Fixtures are crucial to new manufacturing techniques and largely dictate the level of flexibility a manufacturing system can achieve. Advanced Fixture Design for FMS provides a systematic basis for the selection and design of fixturing systems. It gives a review of the current state of the art of flexible and reconfigurable fixturing systems. Recent developments in design methodology using CAD are analysed in depth. Fixture design is seen as an inseparable part of process planning. The primary objective of a fixture system is to ensure that the part being manufactured can be made consistently within the tolerance specified in the design. A new method of tolerance analysis is used to check the suitability of location surfaces and the sequence of operations and is explained in detail.

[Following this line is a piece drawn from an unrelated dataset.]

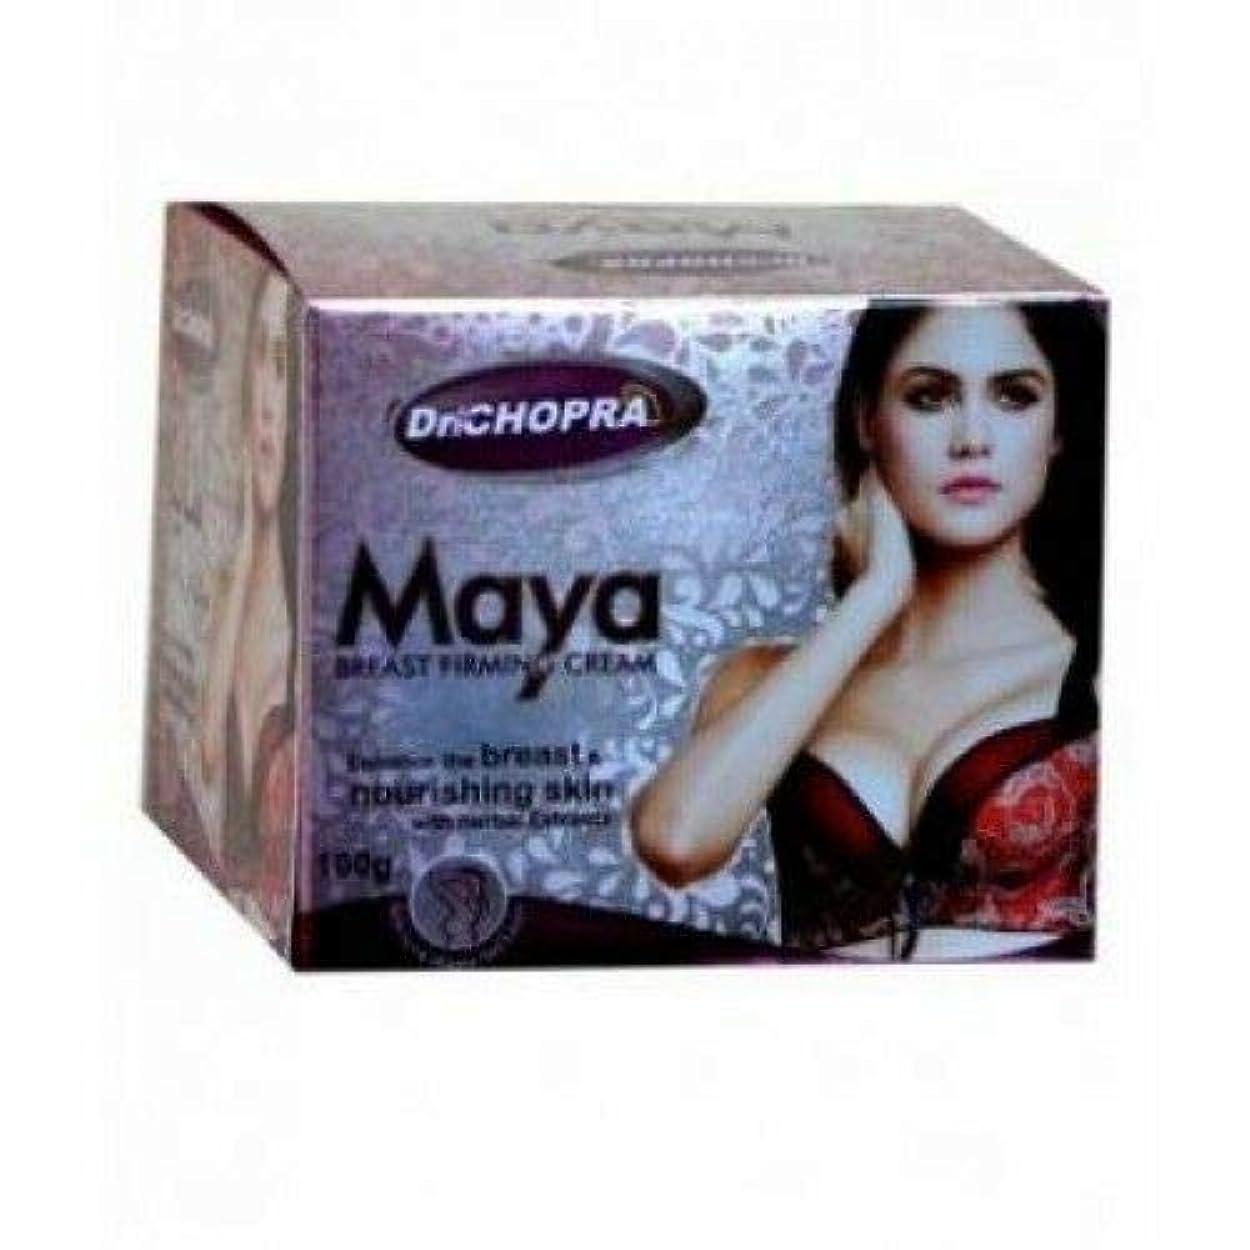 ソーダ水の間で偏差Breast Firming Cream 100g Enhance Breast & Nourishing Skin Herbal Extracts 胸の引き締めクリームは、胸と栄養肌のハーブエキスを強化します。
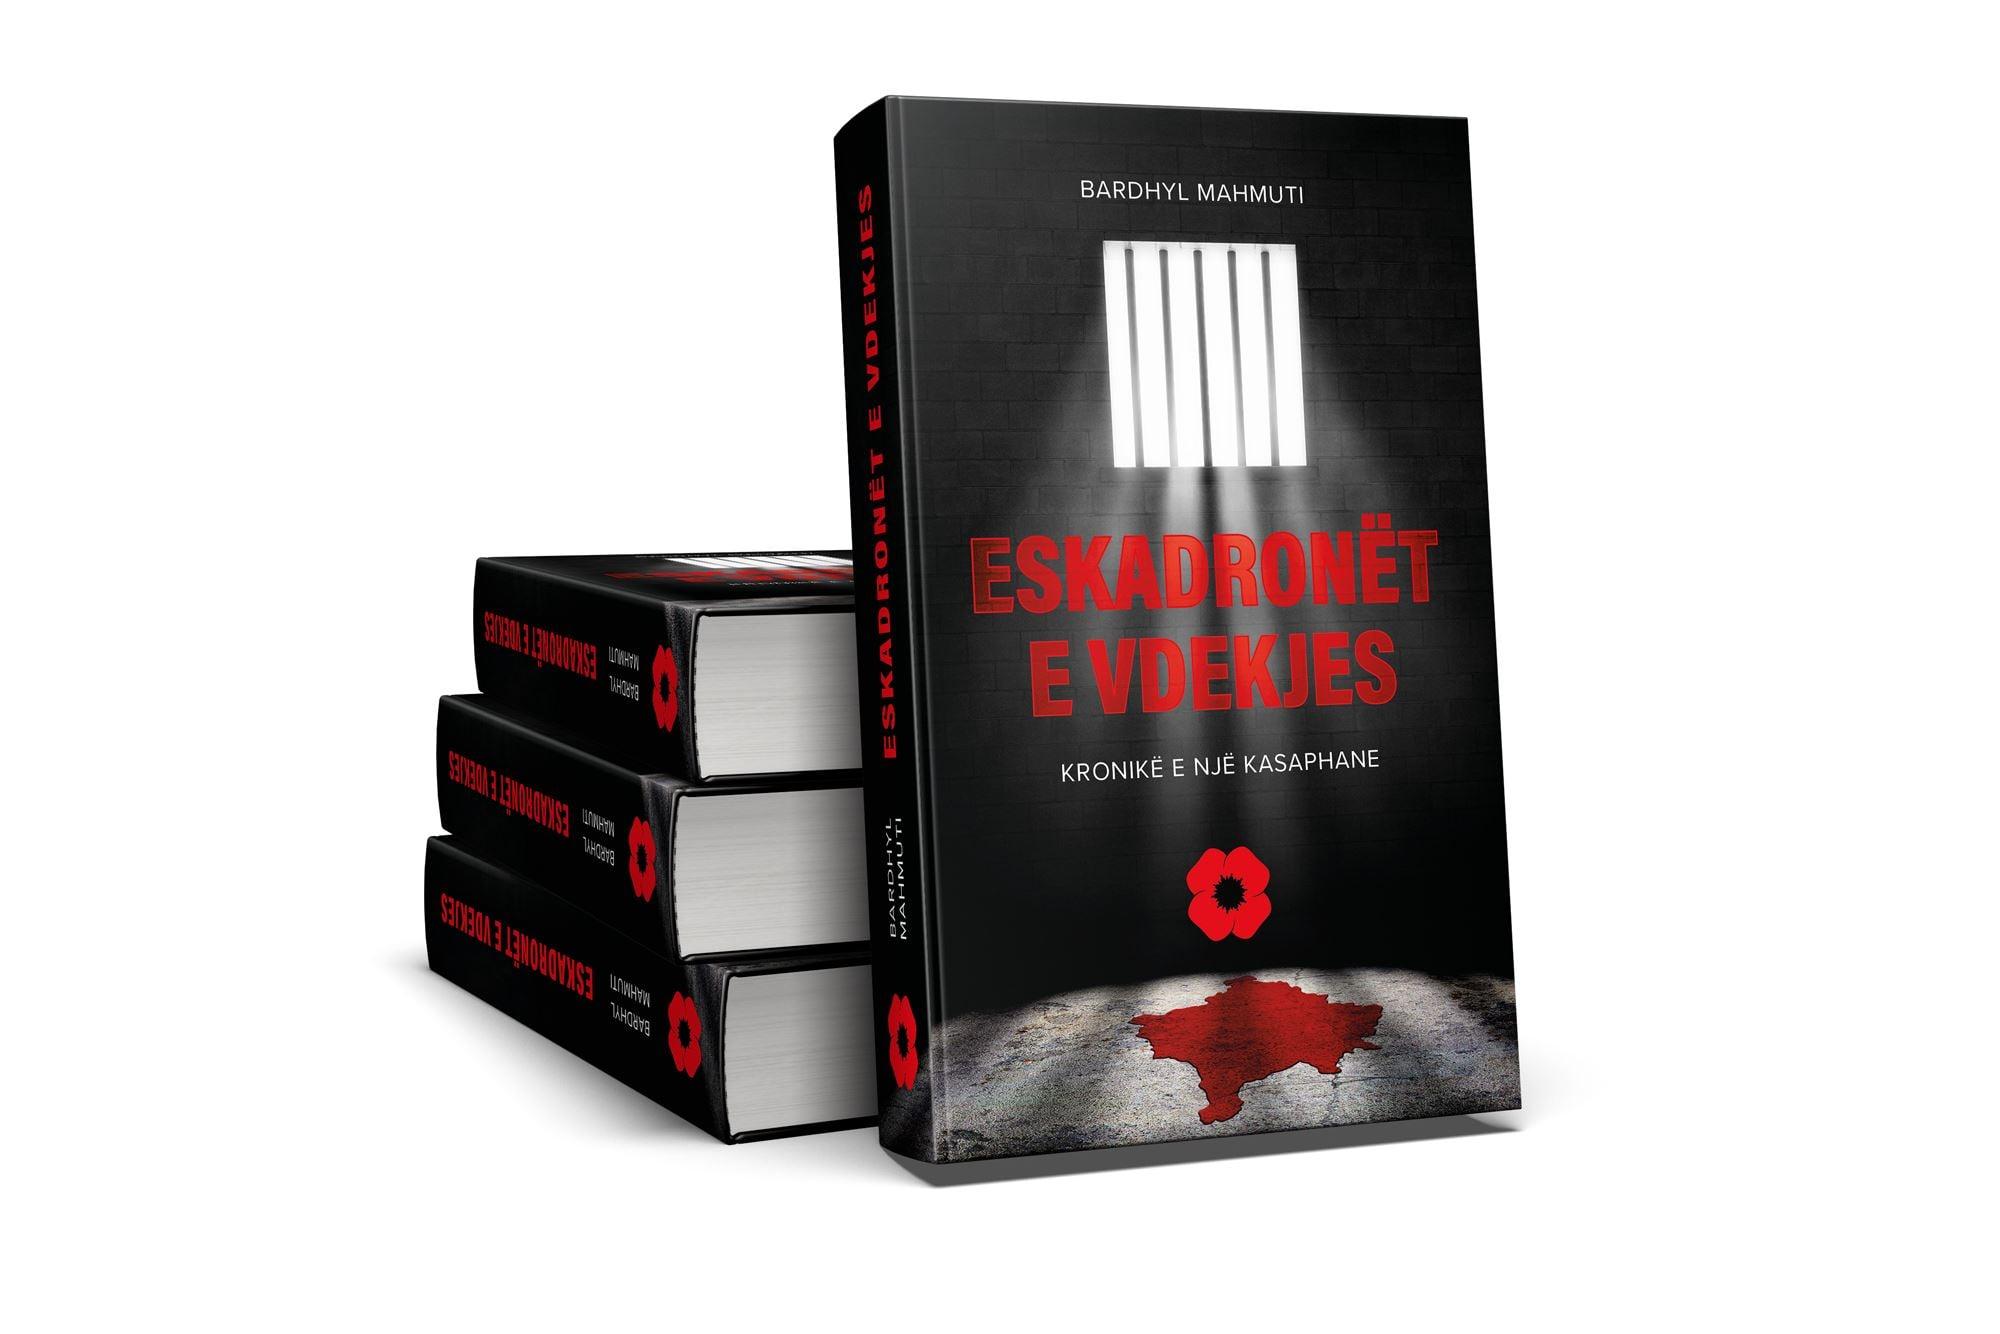 """Doli nga shtypi romani """"Eskadronët e vdekjes"""", i autorit Bardhyl Mahmuti"""

Fixtures are an essential part of manufacturing production. This book covers computer-aided fixture design, fixture clamping synthesis and optimisation, workpiece-fixture interaction, intelligent fixture designed to integrate with processing equipment or machine tools so as to improve productivity and product quality, Internet-enabled fixture design and modular fixture database management. These are the emerging issues central to the development of computer-integrated manufacturing.Covering the established knowledge of fixture design automation and the niche areas of fixture system integration and Internet-enabled design, the book would be a prevalent reference for academics, manufacturing & industrial engineers, and a valuable text for engineering graduate students.